How to complete this task =>
The result should be an exact copy of the data, free of pictures.

Recorded data =>
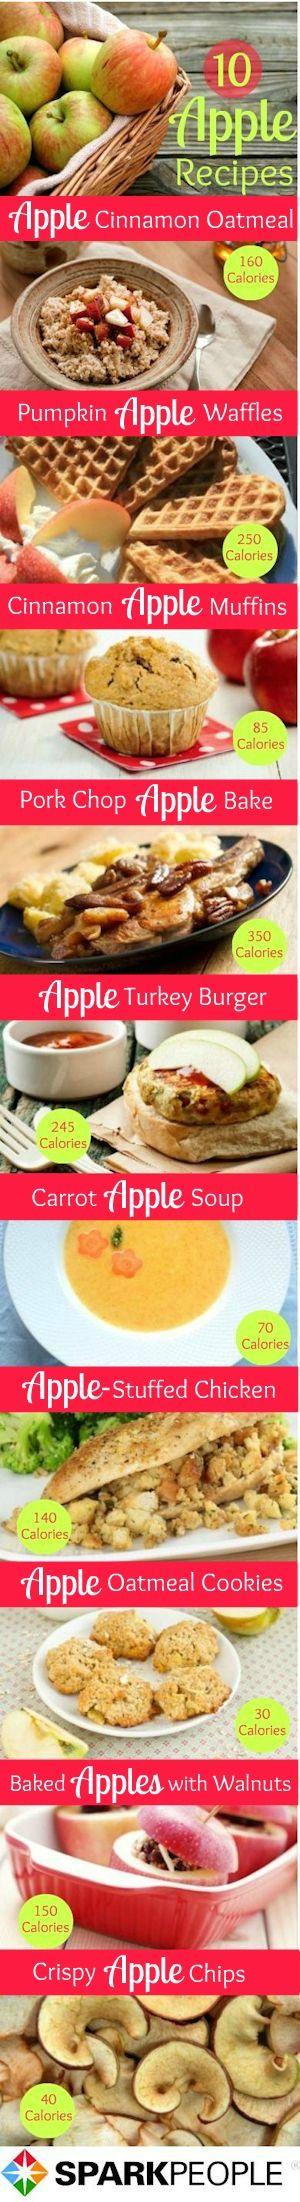 Apple recipes via Sparkpeople
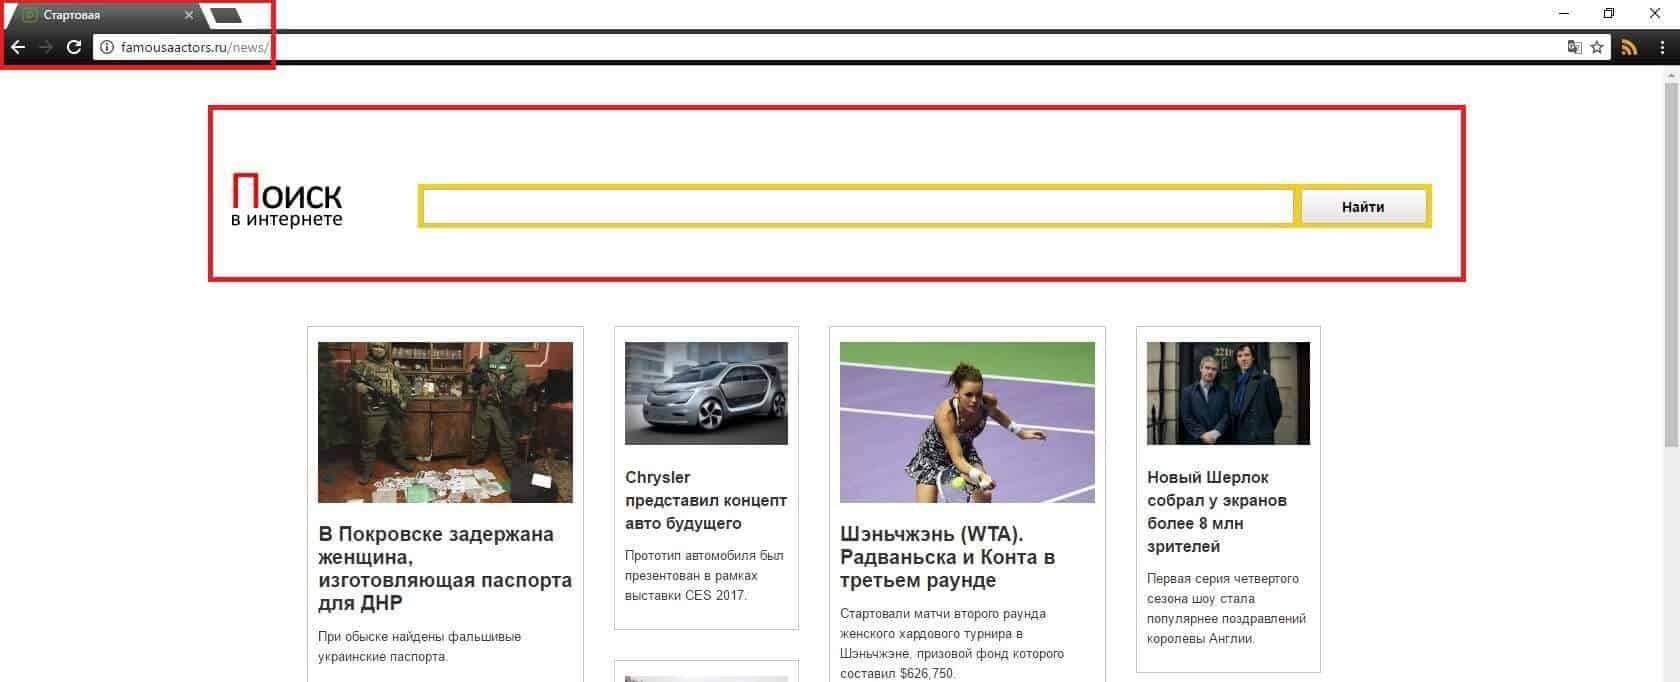 Famousaactors.ru Browser Redirect
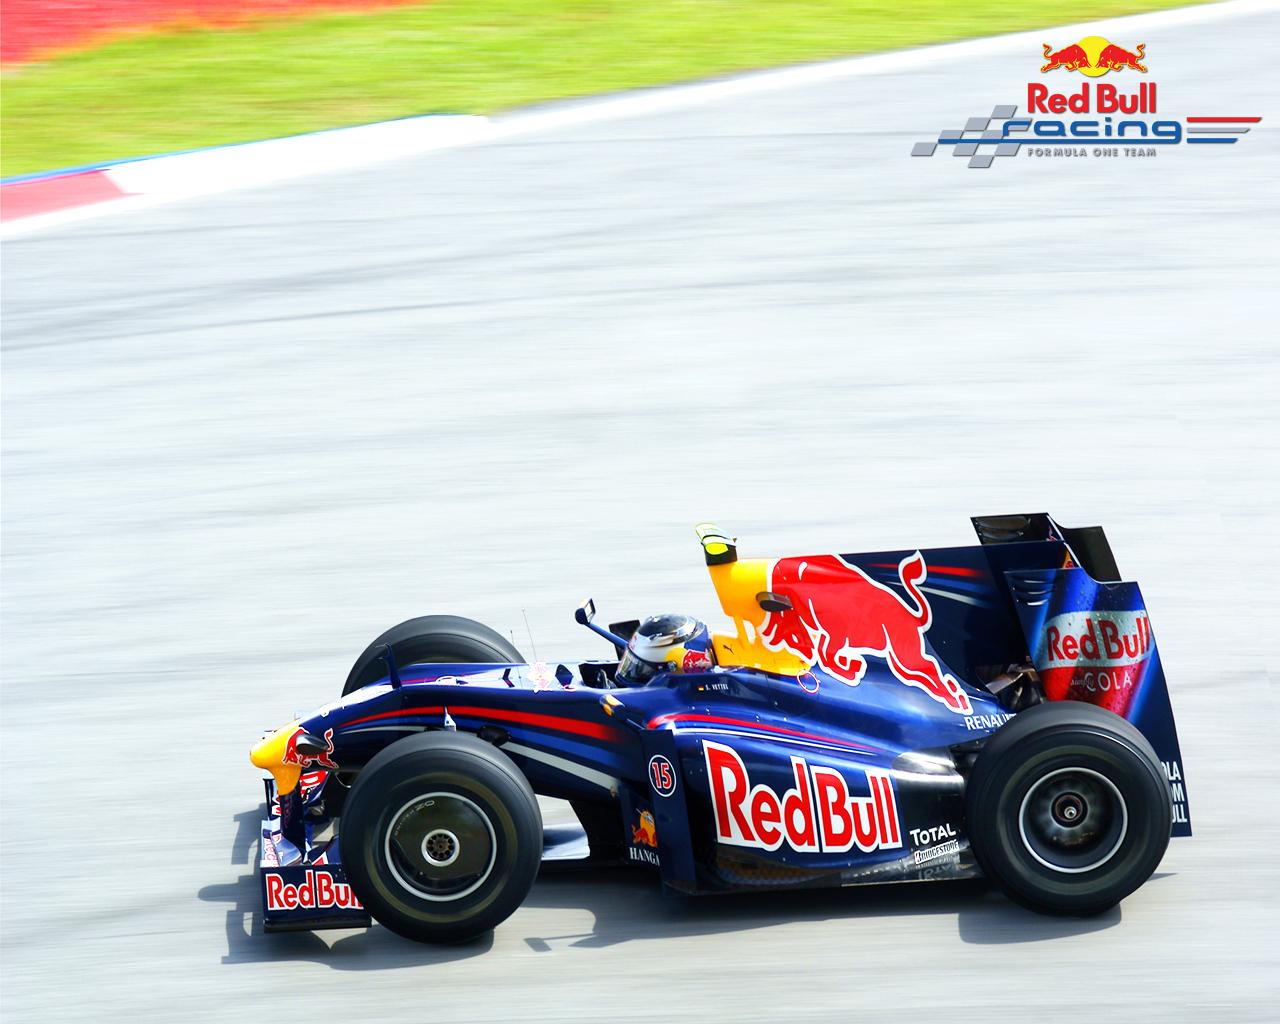 F1 Car Cartoon Red Bull Racing By P3p70 On Deviantart
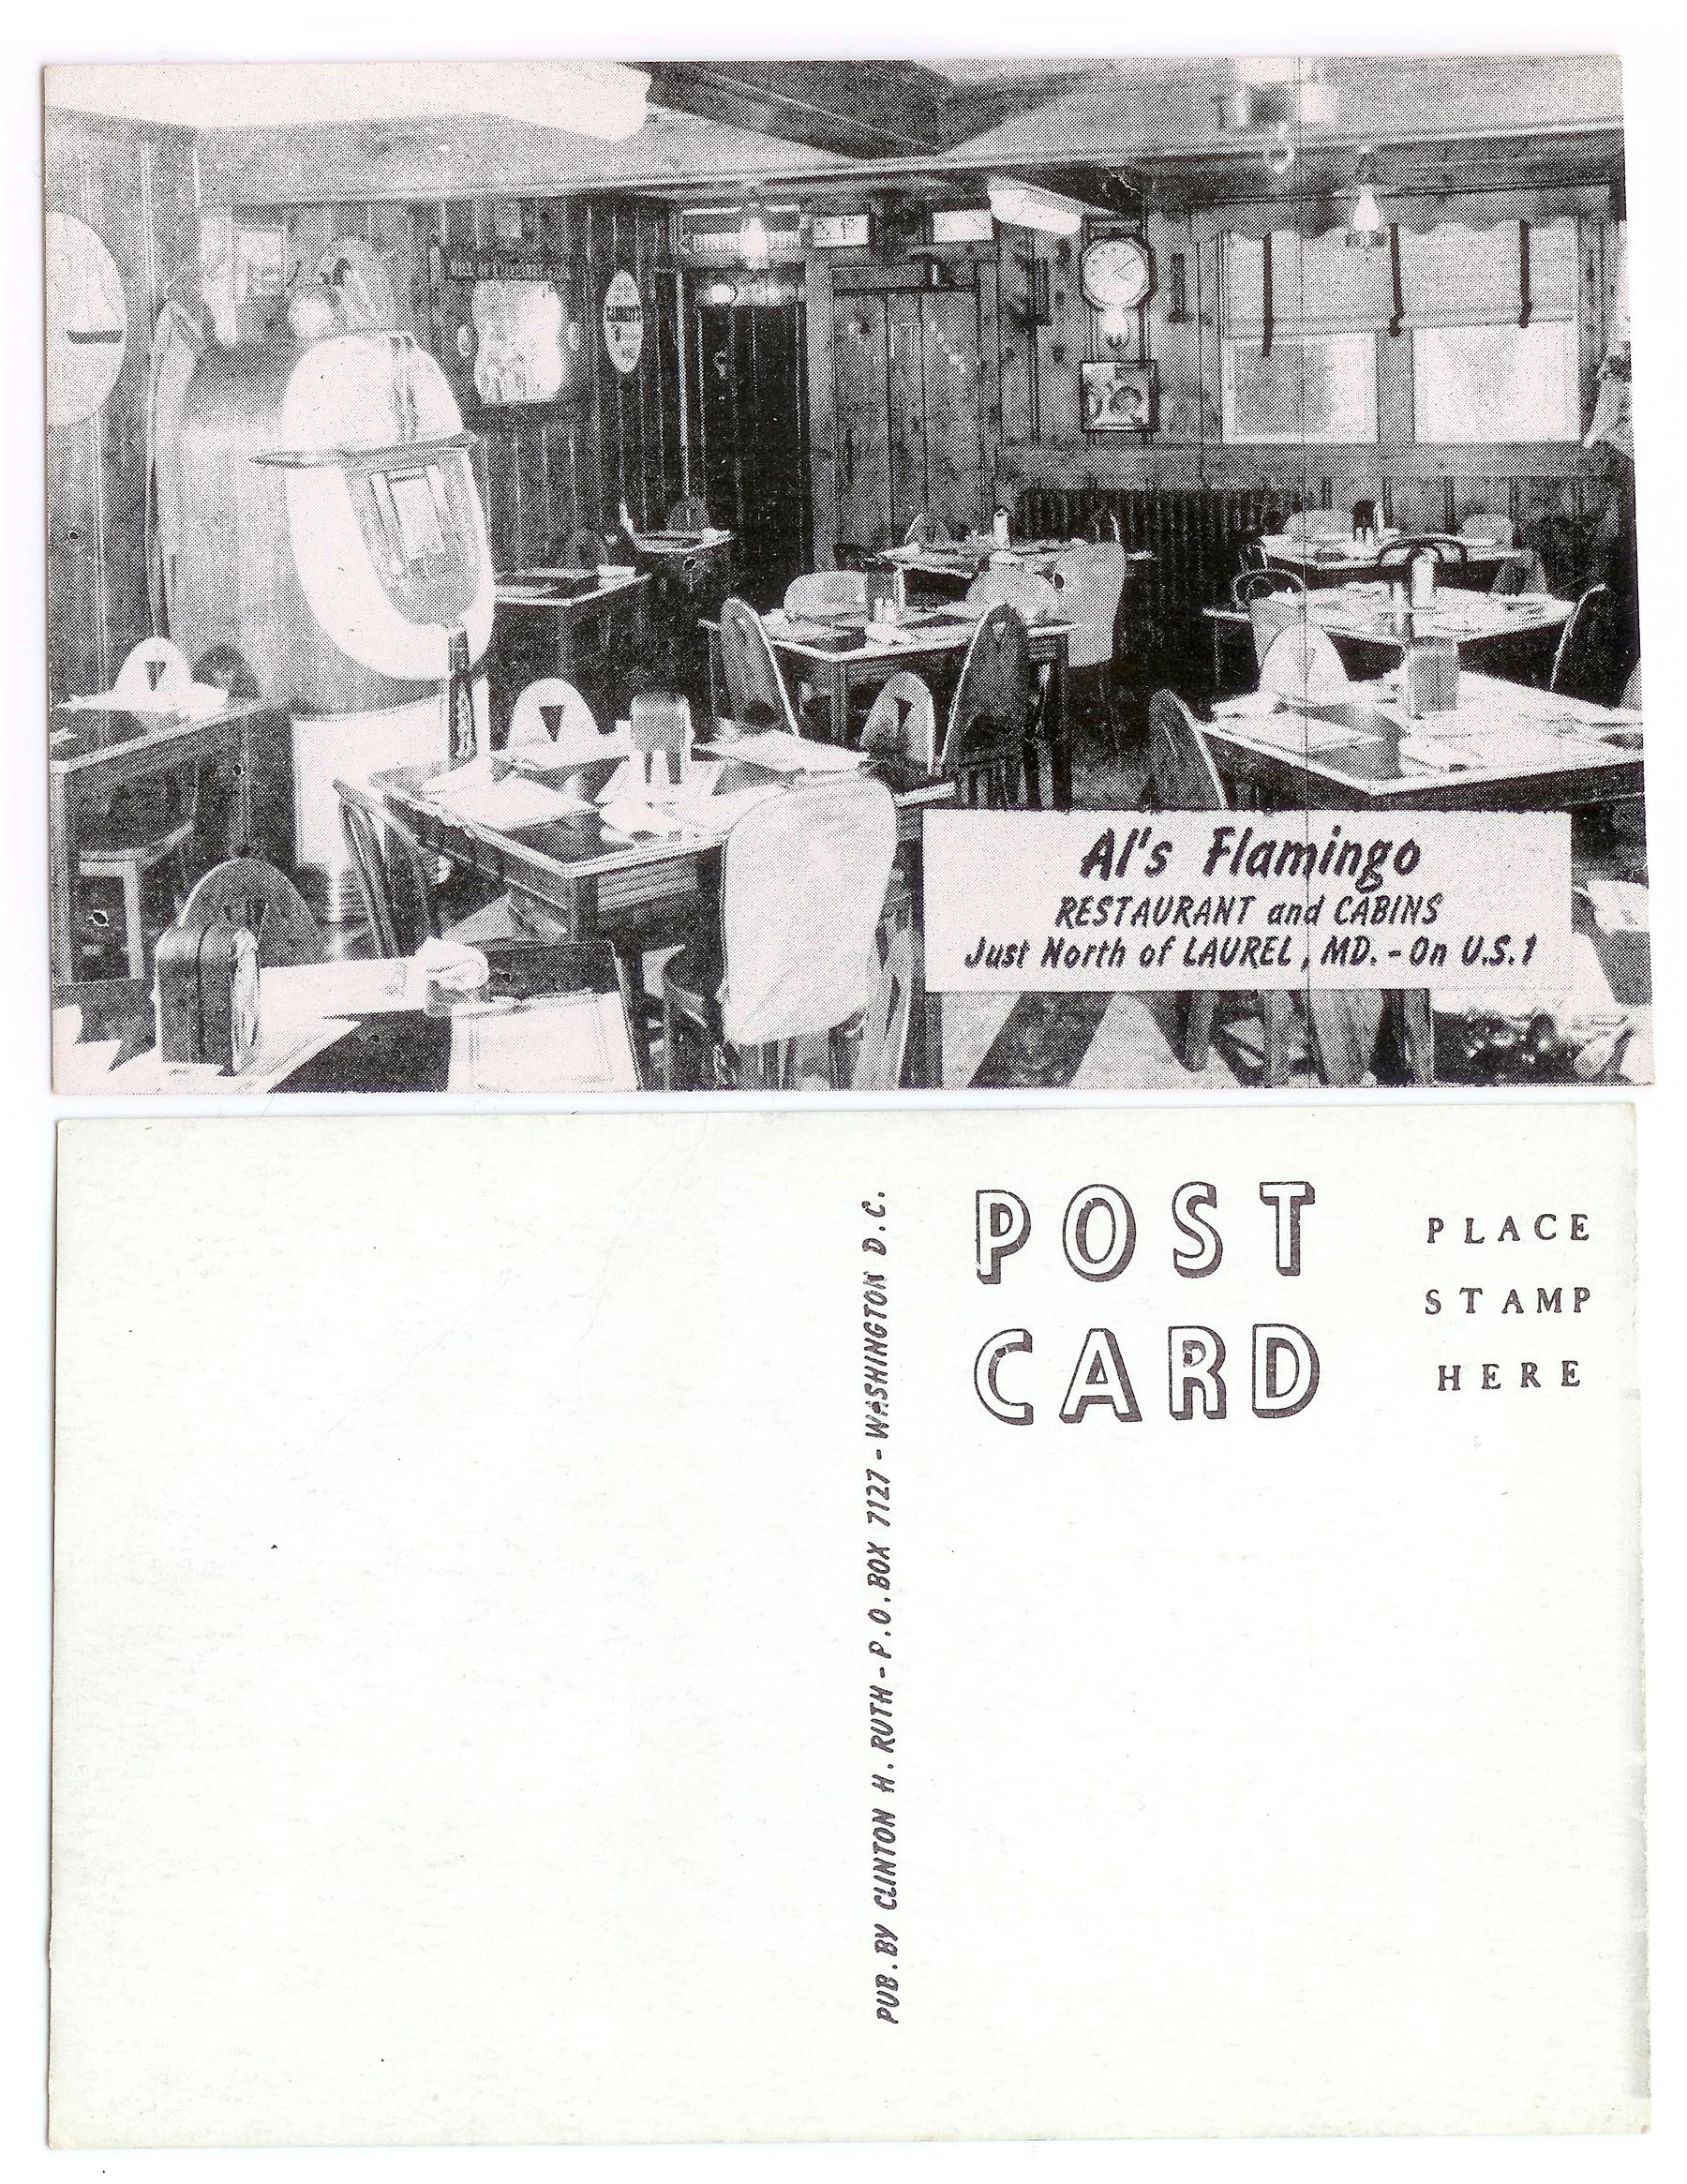 POSTCARDS-4

Solution for this task =>
 Apple recipes via Sparkpeople
 Famousaactors.ru Browser Redirect
 F1 Car Cartoon Red Bull Racing By P3p70 On Deviantart
 POSTCARDS-4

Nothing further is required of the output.